Kubelet rejects the first pod.

Kubelet starts the second pod.

Scheduler must not roll back anything!

Again, some design here would be nice. Should we mark the PVCs as "clean" during binding and "dirty" when they're admitted by kubelet? Kubelet must make sure that it marked them as dirty before any pod containers are started and scheduler must not roll back any dirty PVCs.

Exactly. We need a way to know if it's safe to rollback a binding, and in my initial brainstorm, I was thinking of adding some additional state to the PVC/PV to mark as clean and dirty.

I think the rollback also needs to change the state machine too. We shouldn't need to go move to Retain or Released state during a rollback since the volume wasn't used. Although maybe if the volume was dynamically provisioned, then we should still delete it during the rollback.

Also this potentially could bring back the same issues that we had with the state changes for recycling?

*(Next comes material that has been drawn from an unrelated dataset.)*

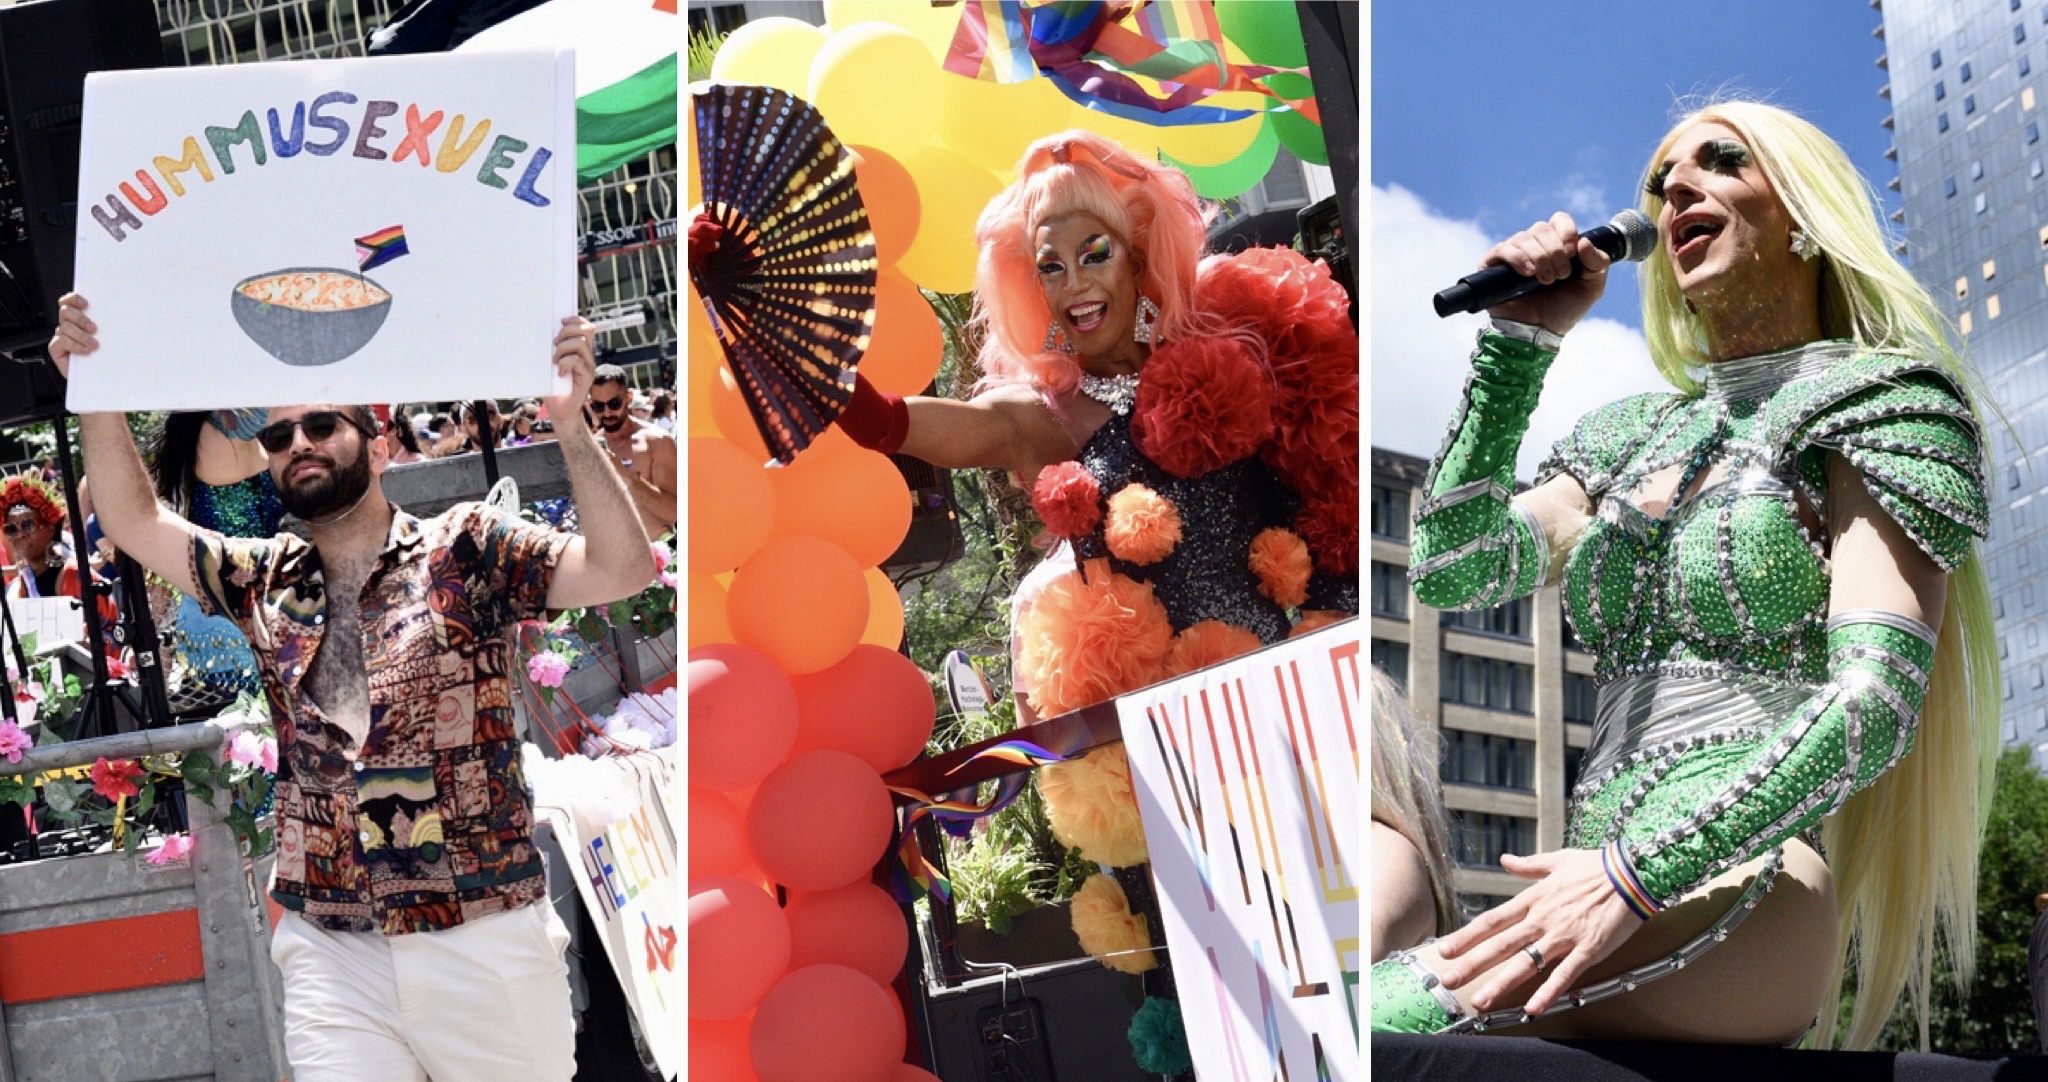 PHOTOS: The Montreal Pride Parade made a spectacular comeback

I'm not familiar with what the exact issues were.

I think that recycler (and deleter) is safe here, PV controller should be robust enough already.

On the other hand, any rollback in ~~recycler~~ scheduler may conflict with binding in PV controller. Scheduler sets pv.spec.claimRef and leaves the rest to PV controller, right? PV controller will save pvc.spec.volumeName, update status and some annotations. In case the scheduler wants to revert the binding, clearing pv.spec.claimRef won't be enough, it needs to clear everything. And it will race with the PV controller trying to fix the binding, it tries to fix the status and binding if something overwrites it.

Yah we will need to add some new state so that the PV controller will not try to fix the binding on a rollback.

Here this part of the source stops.